◆ Directions for this task: Nothing but the lines from the one with "Buoys at the Boston Waterboat Marina" through the end of the listing below should appear in your reply, each copied exactly.

◆ Material to process:

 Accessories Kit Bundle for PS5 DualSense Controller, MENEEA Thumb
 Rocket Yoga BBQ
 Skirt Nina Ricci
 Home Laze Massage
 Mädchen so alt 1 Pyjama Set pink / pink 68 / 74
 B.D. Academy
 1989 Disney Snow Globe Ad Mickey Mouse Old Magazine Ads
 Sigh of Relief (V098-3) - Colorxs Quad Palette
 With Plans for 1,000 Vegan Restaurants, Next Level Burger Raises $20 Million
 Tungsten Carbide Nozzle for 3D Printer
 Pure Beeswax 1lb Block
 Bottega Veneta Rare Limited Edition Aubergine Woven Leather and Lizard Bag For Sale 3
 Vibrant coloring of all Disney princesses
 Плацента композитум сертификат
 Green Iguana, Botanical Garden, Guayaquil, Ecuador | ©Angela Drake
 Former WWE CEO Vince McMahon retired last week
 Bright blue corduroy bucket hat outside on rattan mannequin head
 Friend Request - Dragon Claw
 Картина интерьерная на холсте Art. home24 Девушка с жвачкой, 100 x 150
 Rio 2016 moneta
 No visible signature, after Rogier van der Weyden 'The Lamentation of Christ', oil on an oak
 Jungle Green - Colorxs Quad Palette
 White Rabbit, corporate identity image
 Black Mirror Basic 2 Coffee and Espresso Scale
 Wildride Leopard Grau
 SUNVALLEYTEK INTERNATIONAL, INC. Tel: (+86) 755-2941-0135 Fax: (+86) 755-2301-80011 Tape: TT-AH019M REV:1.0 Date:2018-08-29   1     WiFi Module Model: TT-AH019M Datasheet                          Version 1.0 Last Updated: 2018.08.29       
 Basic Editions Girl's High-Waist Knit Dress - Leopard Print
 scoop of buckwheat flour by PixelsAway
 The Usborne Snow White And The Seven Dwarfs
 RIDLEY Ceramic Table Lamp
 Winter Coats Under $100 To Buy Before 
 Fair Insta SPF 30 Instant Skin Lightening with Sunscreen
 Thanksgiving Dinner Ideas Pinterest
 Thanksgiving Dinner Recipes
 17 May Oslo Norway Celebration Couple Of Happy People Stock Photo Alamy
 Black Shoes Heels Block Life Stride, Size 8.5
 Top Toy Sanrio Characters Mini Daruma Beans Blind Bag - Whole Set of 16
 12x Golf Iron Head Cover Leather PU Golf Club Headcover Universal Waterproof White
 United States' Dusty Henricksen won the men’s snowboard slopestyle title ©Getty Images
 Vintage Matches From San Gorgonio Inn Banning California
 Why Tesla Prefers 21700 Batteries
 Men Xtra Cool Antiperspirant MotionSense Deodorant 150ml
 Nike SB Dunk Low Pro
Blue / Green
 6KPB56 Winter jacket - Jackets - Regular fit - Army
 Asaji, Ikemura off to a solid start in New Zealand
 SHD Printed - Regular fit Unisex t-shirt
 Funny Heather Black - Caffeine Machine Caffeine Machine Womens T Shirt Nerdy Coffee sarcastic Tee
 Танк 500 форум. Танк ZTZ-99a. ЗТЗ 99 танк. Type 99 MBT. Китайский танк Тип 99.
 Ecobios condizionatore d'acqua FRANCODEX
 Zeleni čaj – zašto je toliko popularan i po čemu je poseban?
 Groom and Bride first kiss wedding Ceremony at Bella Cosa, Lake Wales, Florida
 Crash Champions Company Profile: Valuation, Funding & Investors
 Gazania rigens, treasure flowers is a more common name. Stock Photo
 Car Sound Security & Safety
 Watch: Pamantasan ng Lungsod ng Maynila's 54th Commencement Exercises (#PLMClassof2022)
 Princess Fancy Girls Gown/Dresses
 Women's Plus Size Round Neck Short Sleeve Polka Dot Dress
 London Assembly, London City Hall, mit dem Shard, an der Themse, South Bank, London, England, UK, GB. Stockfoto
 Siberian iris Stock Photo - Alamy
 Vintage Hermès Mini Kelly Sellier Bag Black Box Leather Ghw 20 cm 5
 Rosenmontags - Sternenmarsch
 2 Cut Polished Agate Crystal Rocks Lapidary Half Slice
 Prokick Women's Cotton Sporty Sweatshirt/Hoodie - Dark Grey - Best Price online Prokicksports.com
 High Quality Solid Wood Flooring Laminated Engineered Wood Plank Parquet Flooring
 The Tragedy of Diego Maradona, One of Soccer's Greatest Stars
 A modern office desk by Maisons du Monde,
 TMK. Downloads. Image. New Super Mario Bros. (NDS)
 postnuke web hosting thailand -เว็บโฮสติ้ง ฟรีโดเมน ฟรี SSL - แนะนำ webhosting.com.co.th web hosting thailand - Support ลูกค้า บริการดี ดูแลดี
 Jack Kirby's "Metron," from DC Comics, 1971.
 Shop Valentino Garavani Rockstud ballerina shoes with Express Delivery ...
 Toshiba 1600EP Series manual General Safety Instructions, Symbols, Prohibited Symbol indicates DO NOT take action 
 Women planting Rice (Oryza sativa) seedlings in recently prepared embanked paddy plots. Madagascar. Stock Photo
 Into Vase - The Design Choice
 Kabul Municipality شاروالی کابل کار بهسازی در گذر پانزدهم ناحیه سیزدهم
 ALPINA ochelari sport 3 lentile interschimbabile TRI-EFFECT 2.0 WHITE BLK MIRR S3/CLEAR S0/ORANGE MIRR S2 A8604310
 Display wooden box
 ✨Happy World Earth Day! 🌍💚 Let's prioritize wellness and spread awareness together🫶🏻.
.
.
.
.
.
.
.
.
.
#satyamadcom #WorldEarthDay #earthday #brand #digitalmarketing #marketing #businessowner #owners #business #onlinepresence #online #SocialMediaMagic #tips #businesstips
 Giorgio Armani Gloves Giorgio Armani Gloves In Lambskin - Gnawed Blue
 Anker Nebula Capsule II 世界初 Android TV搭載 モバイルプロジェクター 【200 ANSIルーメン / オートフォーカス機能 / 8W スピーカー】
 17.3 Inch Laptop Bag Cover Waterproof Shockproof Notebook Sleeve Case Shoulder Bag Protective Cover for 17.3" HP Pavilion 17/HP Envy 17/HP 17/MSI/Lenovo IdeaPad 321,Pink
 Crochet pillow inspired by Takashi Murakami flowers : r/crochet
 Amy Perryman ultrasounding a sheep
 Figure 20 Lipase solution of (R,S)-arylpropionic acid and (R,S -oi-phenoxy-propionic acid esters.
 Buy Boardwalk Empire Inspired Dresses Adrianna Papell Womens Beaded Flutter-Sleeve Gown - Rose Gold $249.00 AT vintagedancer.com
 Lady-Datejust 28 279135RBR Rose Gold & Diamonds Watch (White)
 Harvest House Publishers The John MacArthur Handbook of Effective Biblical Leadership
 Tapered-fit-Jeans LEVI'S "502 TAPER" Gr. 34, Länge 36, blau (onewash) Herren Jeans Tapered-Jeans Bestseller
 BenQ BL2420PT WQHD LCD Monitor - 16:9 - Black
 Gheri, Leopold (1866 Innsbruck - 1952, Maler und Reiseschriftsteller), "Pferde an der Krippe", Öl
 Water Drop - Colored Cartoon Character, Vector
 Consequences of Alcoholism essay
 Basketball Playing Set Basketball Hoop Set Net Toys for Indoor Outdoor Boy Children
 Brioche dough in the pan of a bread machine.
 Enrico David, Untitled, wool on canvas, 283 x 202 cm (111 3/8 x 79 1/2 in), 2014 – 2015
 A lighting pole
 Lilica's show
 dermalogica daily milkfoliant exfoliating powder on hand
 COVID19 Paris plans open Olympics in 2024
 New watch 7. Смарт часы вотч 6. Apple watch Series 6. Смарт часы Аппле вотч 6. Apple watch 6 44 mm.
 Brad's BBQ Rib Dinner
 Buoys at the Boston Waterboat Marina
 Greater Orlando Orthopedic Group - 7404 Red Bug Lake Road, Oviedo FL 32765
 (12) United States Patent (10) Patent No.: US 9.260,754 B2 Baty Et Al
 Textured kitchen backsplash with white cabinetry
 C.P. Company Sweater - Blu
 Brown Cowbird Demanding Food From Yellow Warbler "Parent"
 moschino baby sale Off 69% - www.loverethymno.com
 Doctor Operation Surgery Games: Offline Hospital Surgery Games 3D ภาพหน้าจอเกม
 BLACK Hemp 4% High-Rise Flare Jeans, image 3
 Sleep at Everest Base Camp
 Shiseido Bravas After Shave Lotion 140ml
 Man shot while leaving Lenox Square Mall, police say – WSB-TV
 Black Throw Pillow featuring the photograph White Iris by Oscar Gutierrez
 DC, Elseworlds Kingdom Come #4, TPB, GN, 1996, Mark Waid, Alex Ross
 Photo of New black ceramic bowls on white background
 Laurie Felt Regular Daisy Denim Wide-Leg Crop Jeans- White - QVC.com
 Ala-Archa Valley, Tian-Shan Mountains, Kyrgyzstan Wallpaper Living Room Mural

◆ Response area:
 Buoys at the Boston Waterboat Marina
 Greater Orlando Orthopedic Group - 7404 Red Bug Lake Road, Oviedo FL 32765
 (12) United States Patent (10) Patent No.: US 9.260,754 B2 Baty Et Al
 Textured kitchen backsplash with white cabinetry
 C.P. Company Sweater - Blu
 Brown Cowbird Demanding Food From Yellow Warbler "Parent"
 moschino baby sale Off 69% - www.loverethymno.com
 Doctor Operation Surgery Games: Offline Hospital Surgery Games 3D ภาพหน้าจอเกม
 BLACK Hemp 4% High-Rise Flare Jeans, image 3
 Sleep at Everest Base Camp
 Shiseido Bravas After Shave Lotion 140ml
 Man shot while leaving Lenox Square Mall, police say – WSB-TV
 Black Throw Pillow featuring the photograph White Iris by Oscar Gutierrez
 DC, Elseworlds Kingdom Come #4, TPB, GN, 1996, Mark Waid, Alex Ross
 Photo of New black ceramic bowls on white background
 Laurie Felt Regular Daisy Denim Wide-Leg Crop Jeans- White - QVC.com
 Ala-Archa Valley, Tian-Shan Mountains, Kyrgyzstan Wallpaper Living Room Mural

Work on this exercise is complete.